Agustín Sierra Romera, also known as Cachete Sierra, is an Argentine actor.

== Biography ==
Agustín Sierra Romera was born in Buenos Aires, Argentina, to Roberto Sierra and María Romera. He has one older brother named, Roberto Sierra Romera and one older sister named, Paula Sierra Romera.

== Career ==
Agustín Sierra, debuted as an actor in 1999 at age 9 in Verano del '98. From 1999 to 2001, he was part of the cast of the youth television series Chiquititas. Between 1999 and 2001, he made the theatrical seasons of Chiquititas. In 2001, he was summoned by Cris Morena for the special Chiquititas de Oro where he and the most prominent of all seasons came together to receive the award Chiquititas de Oro. In 2001, he was part of the cast of the film Chiquititas: Rincón de luz.

In 2002, he made a special appearance in the youth television series Rebelde Way starring Camila Bordonaba, Felipe Colombo, Luisana Lopilato and Benjamín Rojas.

In 2003, he was part of the cast of the children's television series Rincón de Luz starring Guido Kaczka and Soledad Pastorutti. Between 2003 and 2004, he made the theatrical seasons of Rincón de Luz.

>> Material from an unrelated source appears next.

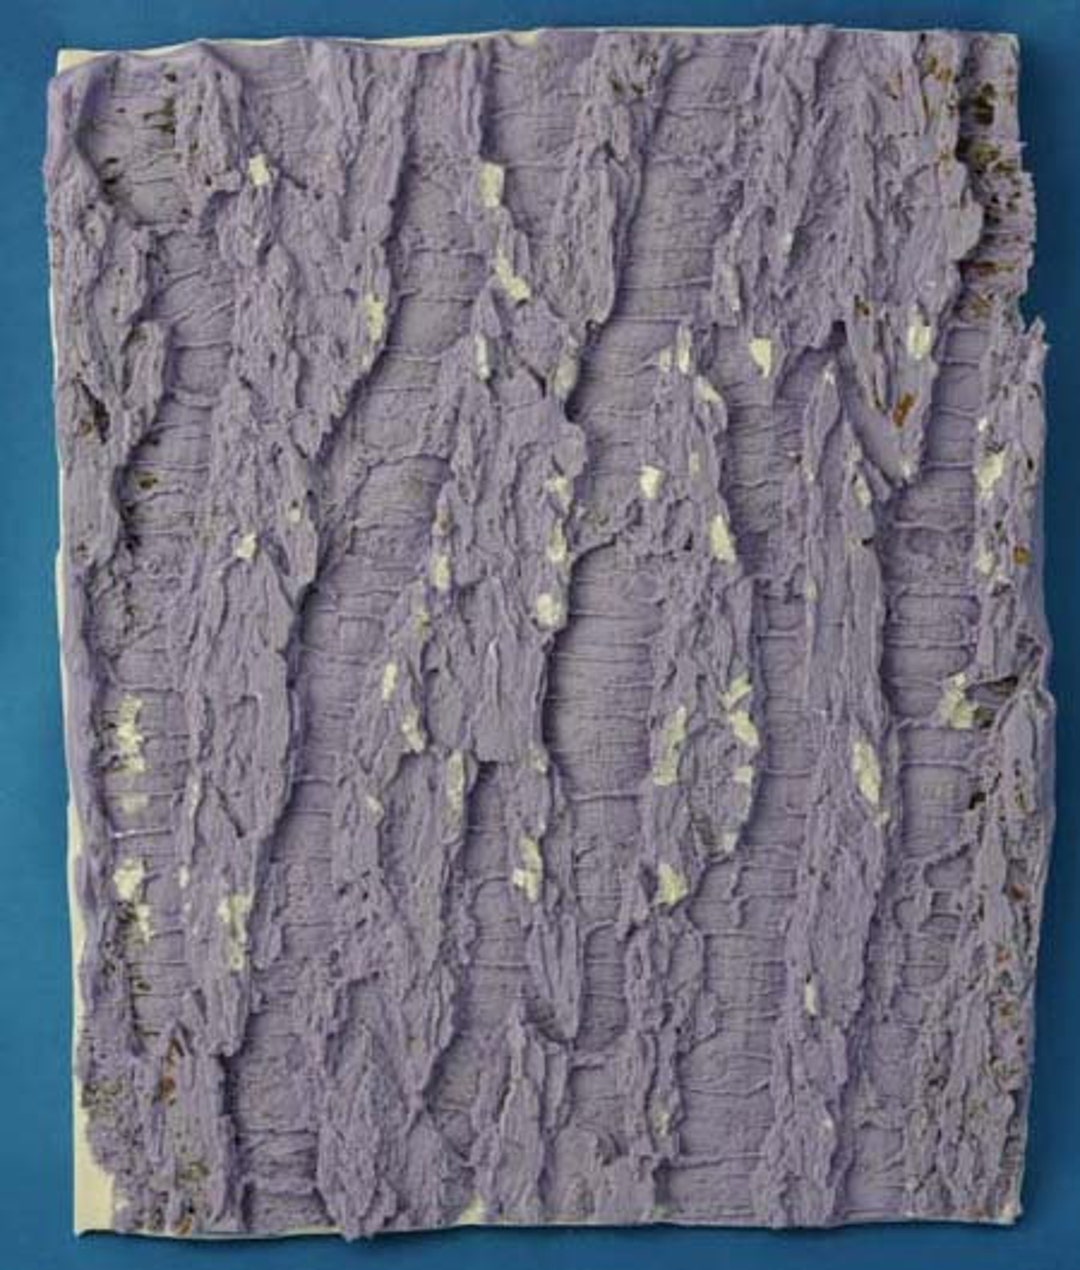 Karen-enhanced Lace Mold by Marvelous Molds 
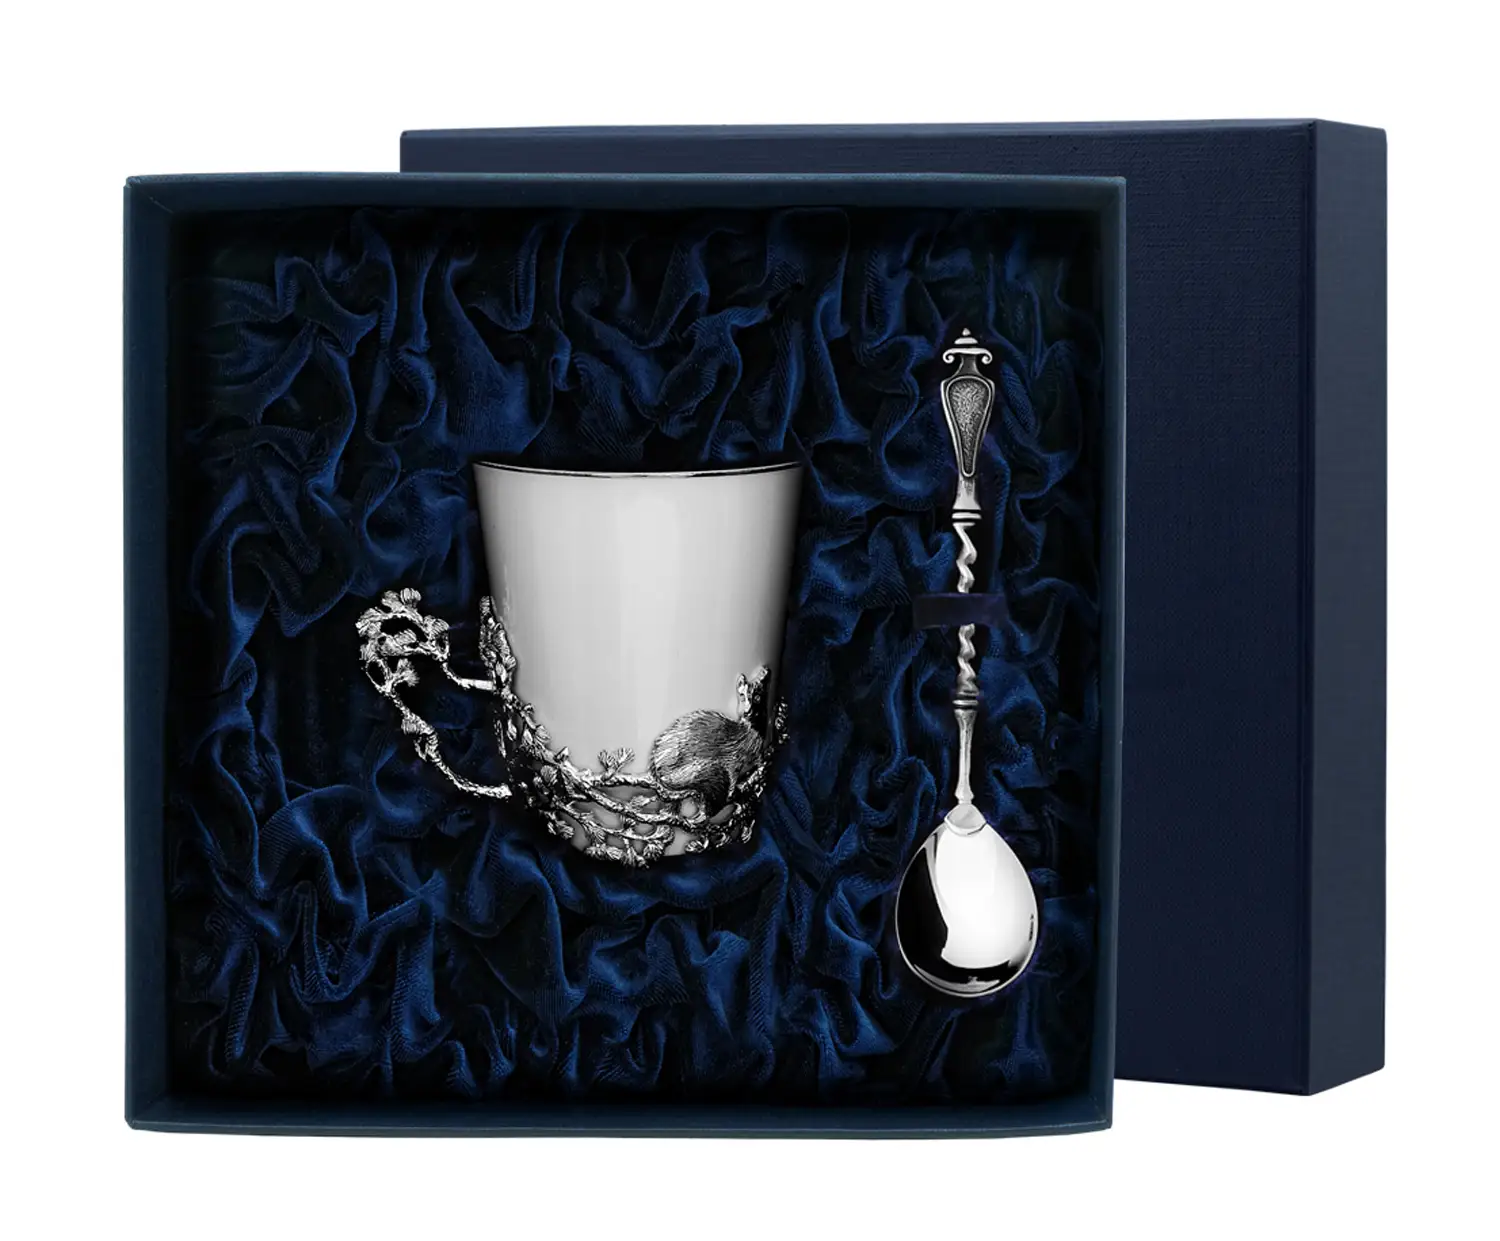 Набор чайная чашка Куница: ложка, чашка (Серебро 925) набор чайная чашка меценат ложка чашка серебро 925

From 2004 to 2005, he was part of the cast of the youth television series Floricienta starring Florencia Bertotti, Juan Gil Navarro and Fabio Di Tomaso.

In 2006, he made a special appearance in the youth television Alma Pirata. In 2006, he made a special appearance in the children's television series Chiquititas Sin Fin.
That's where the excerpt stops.